═══ SUPPLIED INFORMATION

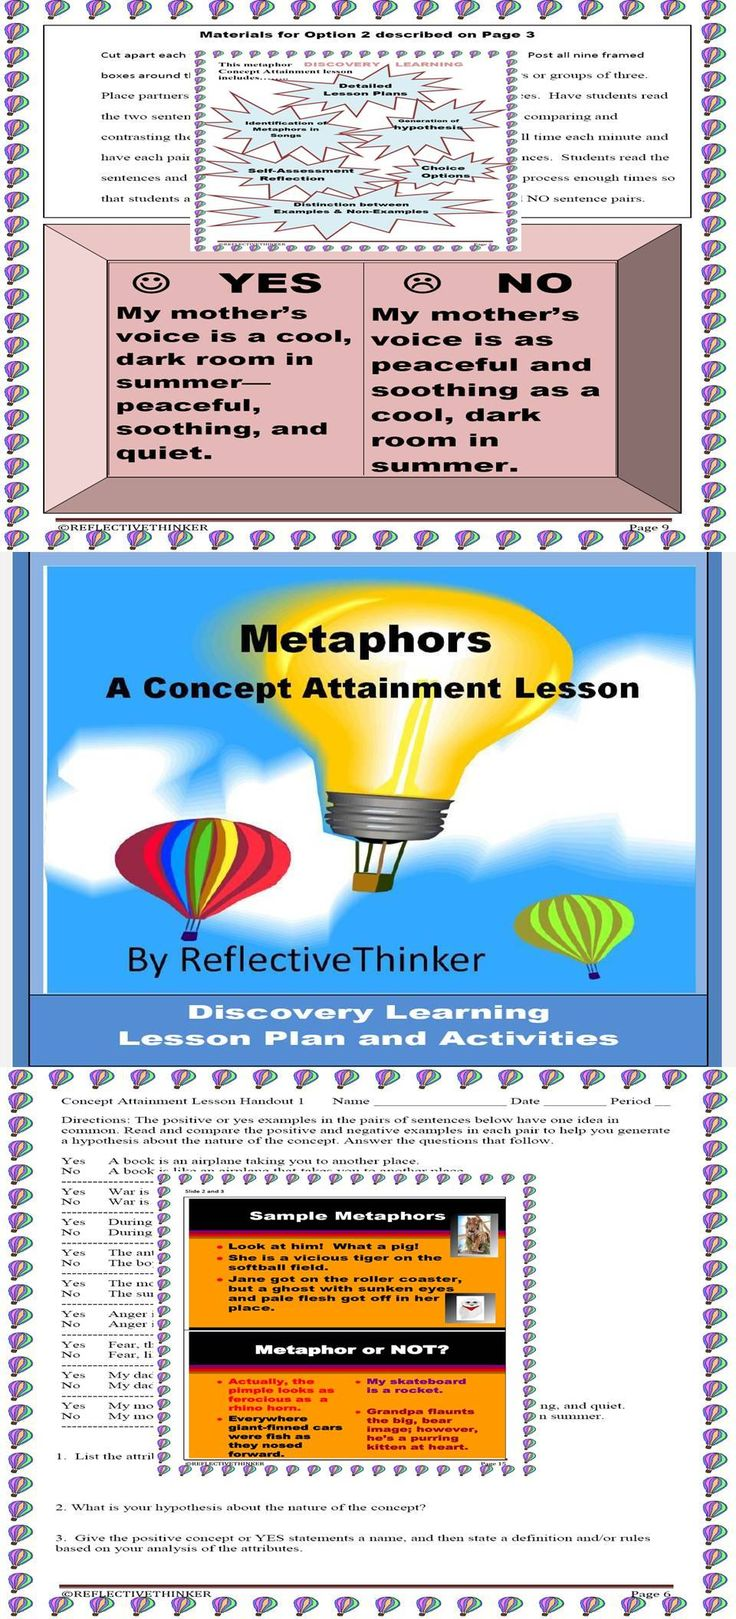 8th grade writing assessment georgia examples of metaphors
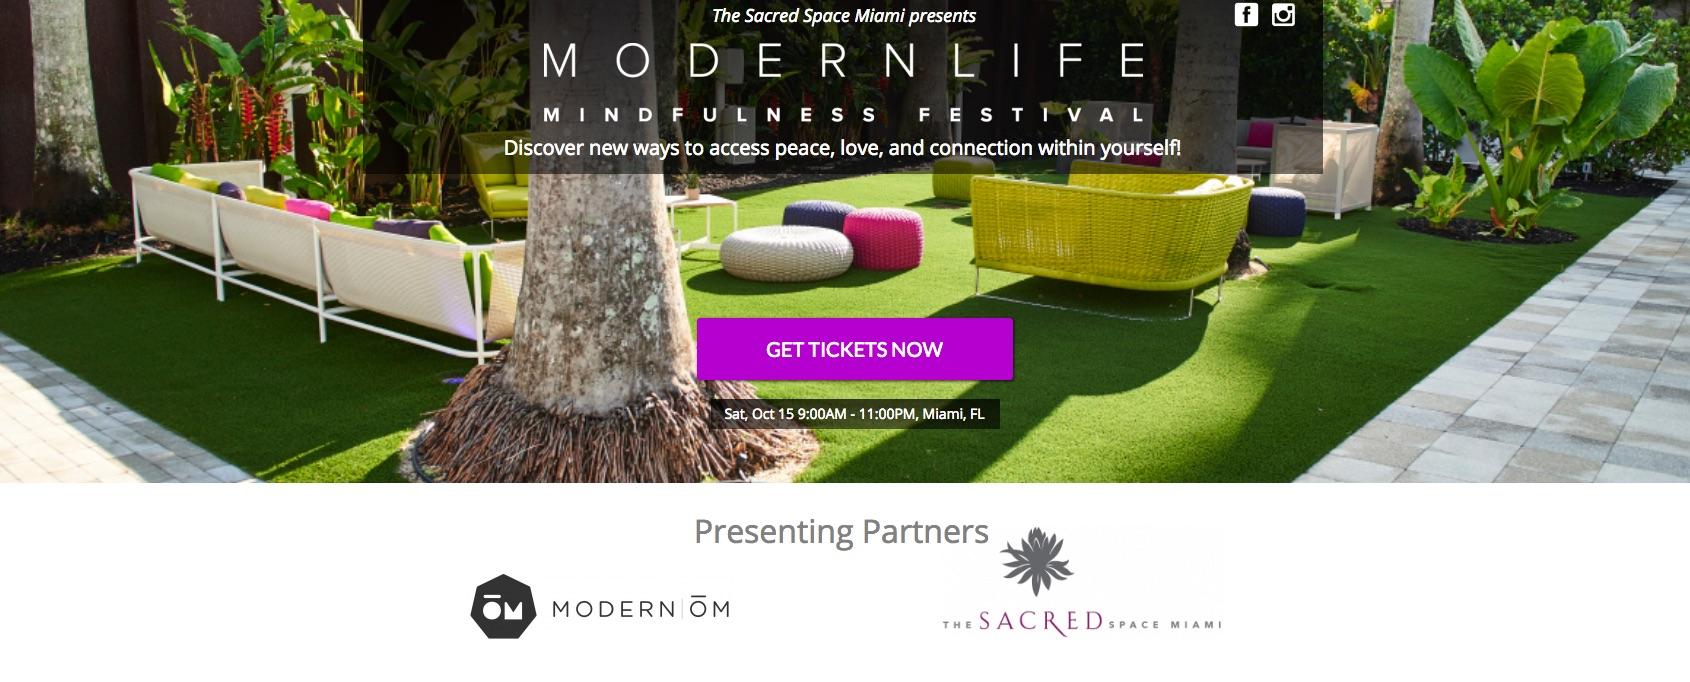 Modern Life Festival Miami The Sacred Space Modern OM - Get Ink PR
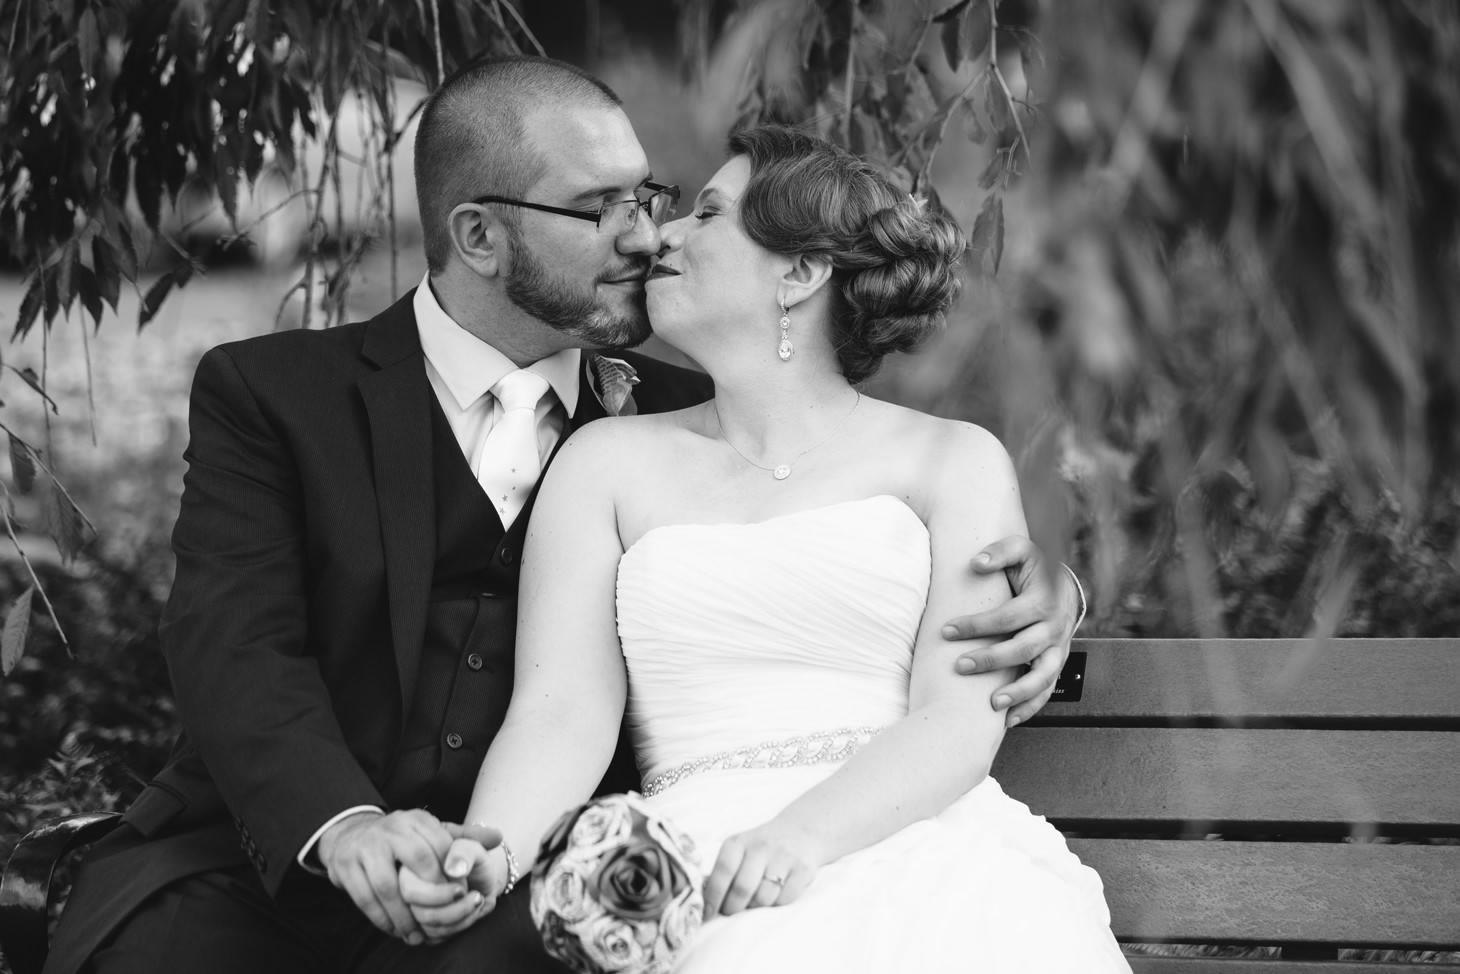 021-nyc-wedding-photographer-nj-nerdy-dr-who-firehouse-wedding-smitten-chickens.jpg

══════

▸ WHAT YOU NEED TO DO: Omitting all images, print the listing exactly.

▸ RESPONSE:
 8th grade writing assessment georgia examples of metaphors
 Modern Life Festival Miami The Sacred Space Modern OM - Get Ink PR
 021-nyc-wedding-photographer-nj-nerdy-dr-who-firehouse-wedding-smitten-chickens.jpg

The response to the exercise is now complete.